Where: C = Consumption, I = Investments, G = Government spending, NX = Net exports (calculated by


subtracting imports from exports), NFF = Net foreign factor income, IT = Indirect taxes, D = Depreciation.

FDI:
Foreign direct investment (FDI) is an investment made by a firm or individual in one country into
business interests located in another country. Generally, FDI takes place when an investor establishes
foreign business operations or acquires foreign business assets, including establishing ownership or
controlling interest in a foreign company. Foreign direct investment (FDI) in India is a major monetary
source for economic development in India. Foreign companies invest directly in fast growing private
Indian businesses to take benefits of cheaper wages and changing business environment of India.

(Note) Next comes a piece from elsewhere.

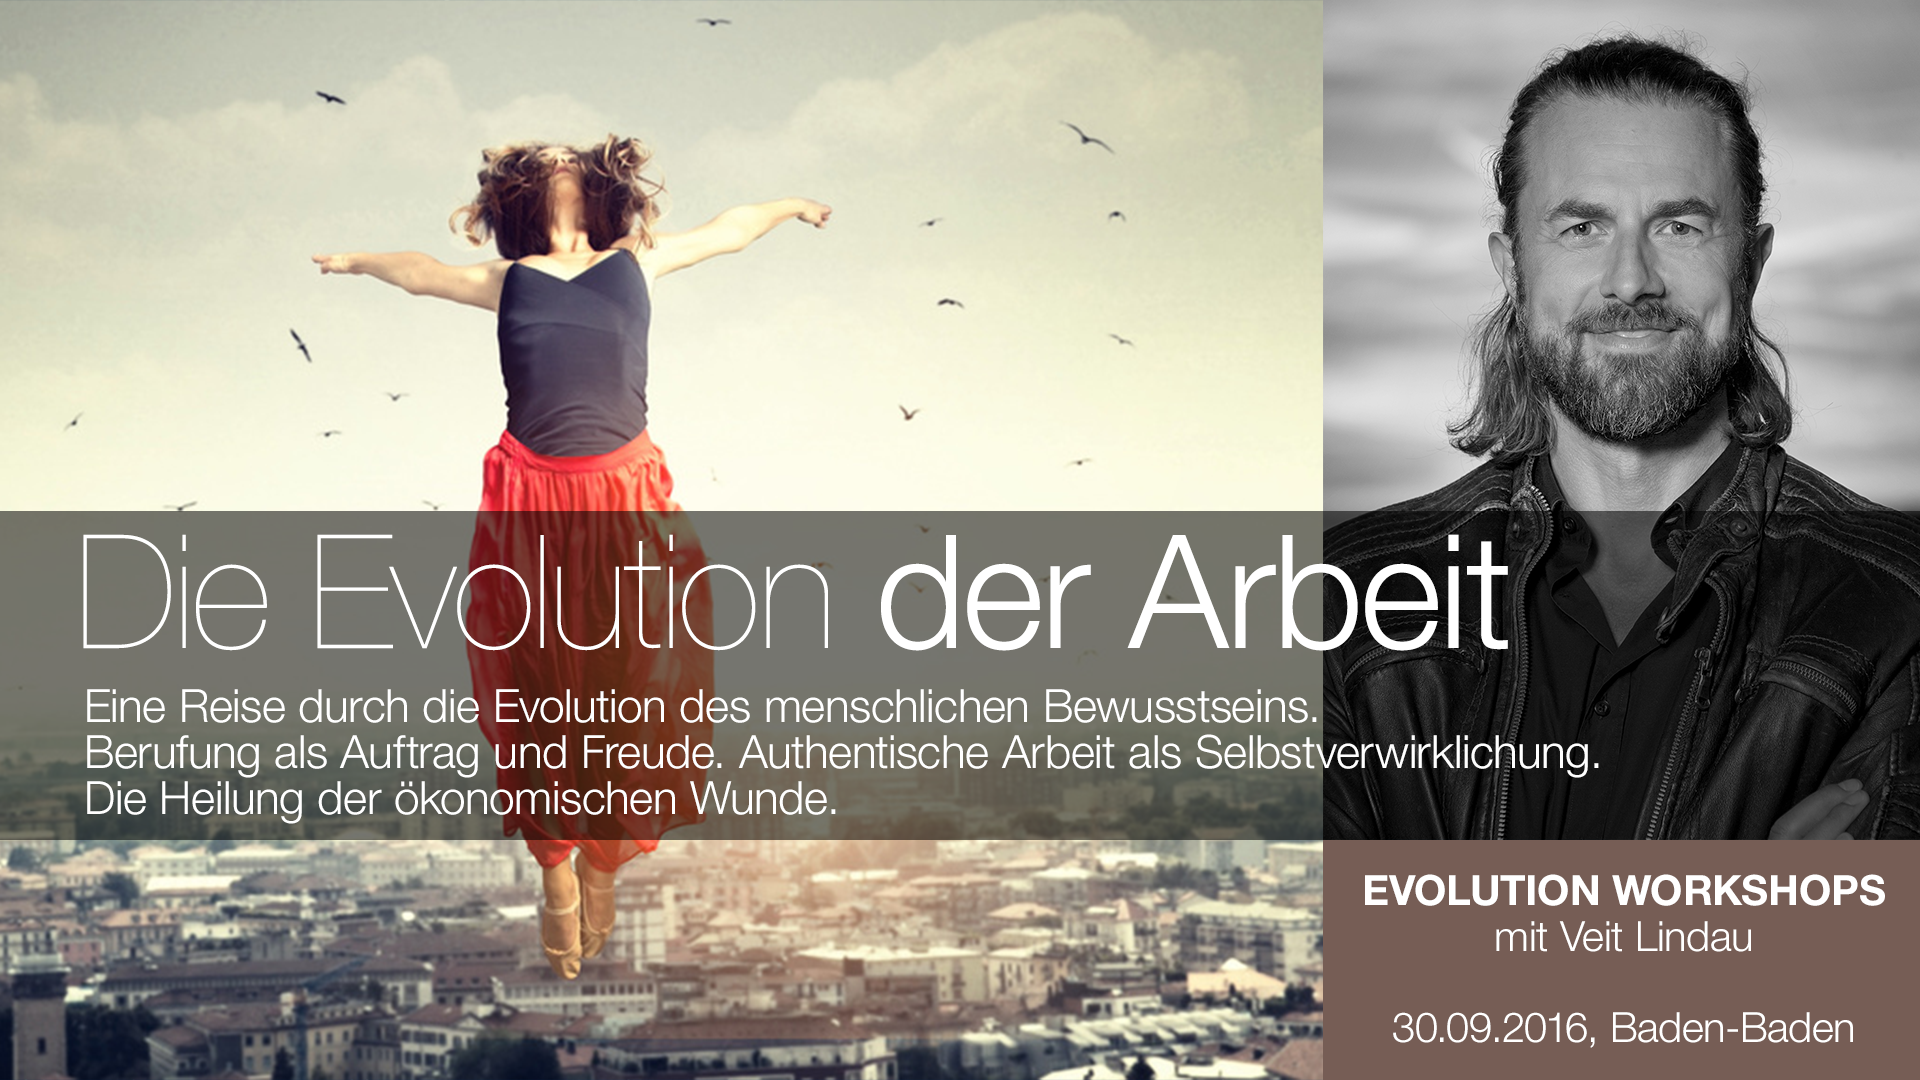 Die-Evolution-der-Arbeit_Evolutions-Workshop_1920x1080 (2)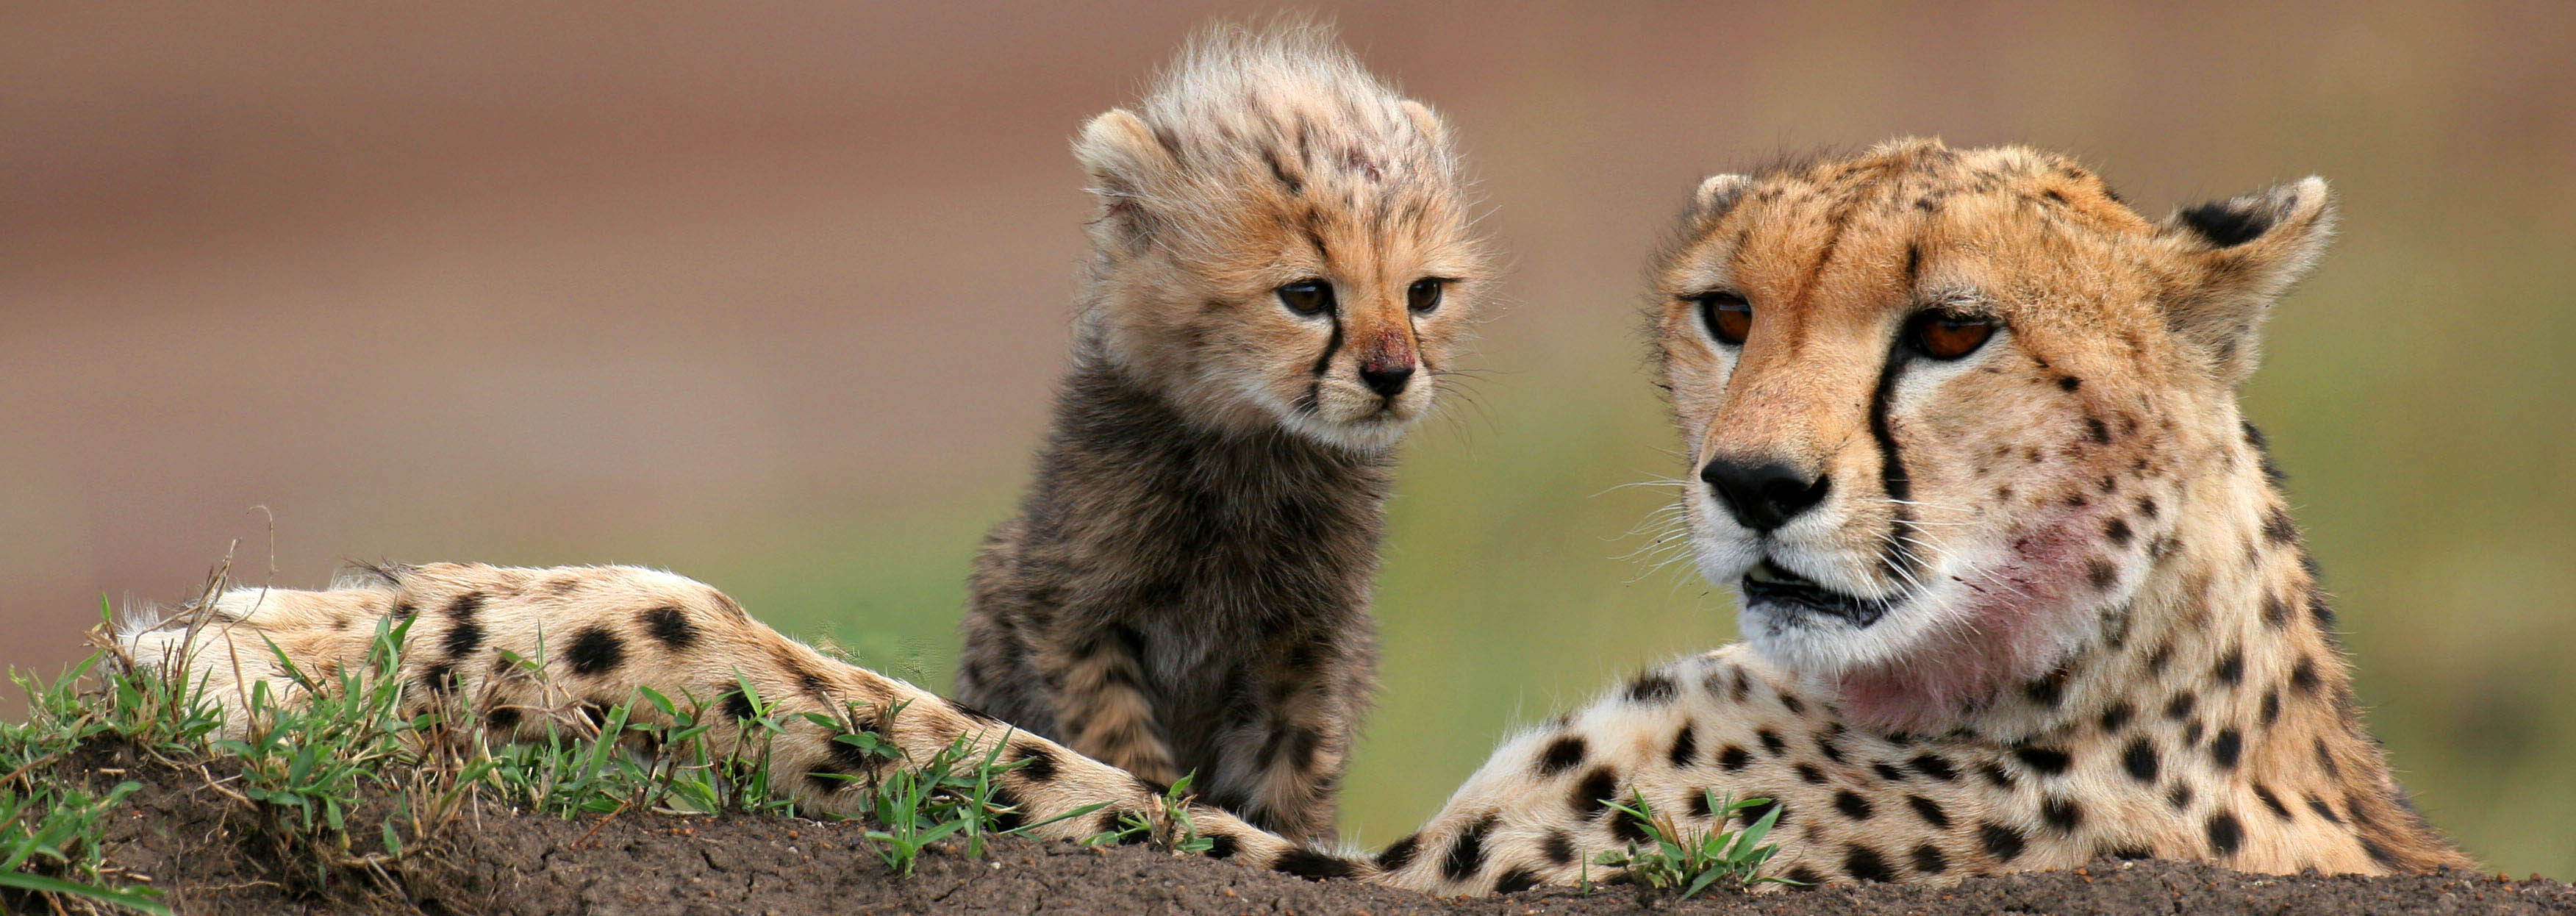 Cheetah and cub, Masai Mara

The Government of India has amended FDI policy to increase FDI inflow. In 2014, the government
increased foreign investment upper limit from 26% to 49% in insurance sector. It also launched Make in
India initiative in September 2014 under which FDI policy for 25 sectors was liberalised further. As of
April 2015, FDI inflow in India increased by 48% since the launch of "Make in India" initiative.

FII:

Foreign Institutional Investor (FII) means an institution established or incorporated outside India which
proposes to make investment in securities in India. They are registered as FIIs in accordance with Section
2 (f) of the SEBI (FII) Regulations 1995. FIIs are allowed to subscribe to new securities or trade in already
issued securities. This is just one form of foreign investments in India, as may be seen here

Foreign Direct Investment (FDI) is defined as the type of investment into production or business in a
country, by an enterprise based in another country. It is often contrasted with Foreign Institutional
Investment (FII), which is an investment fund, based in the country, other than the country, in which
investment is made. Both are the forms of investment made in a foreign country. FDI is made to acquire
controlling ownership in an enterprise but FII tends to invest in the foreign financial market. In most
cases, the former is given preference over the latter because it benefits the whole economy.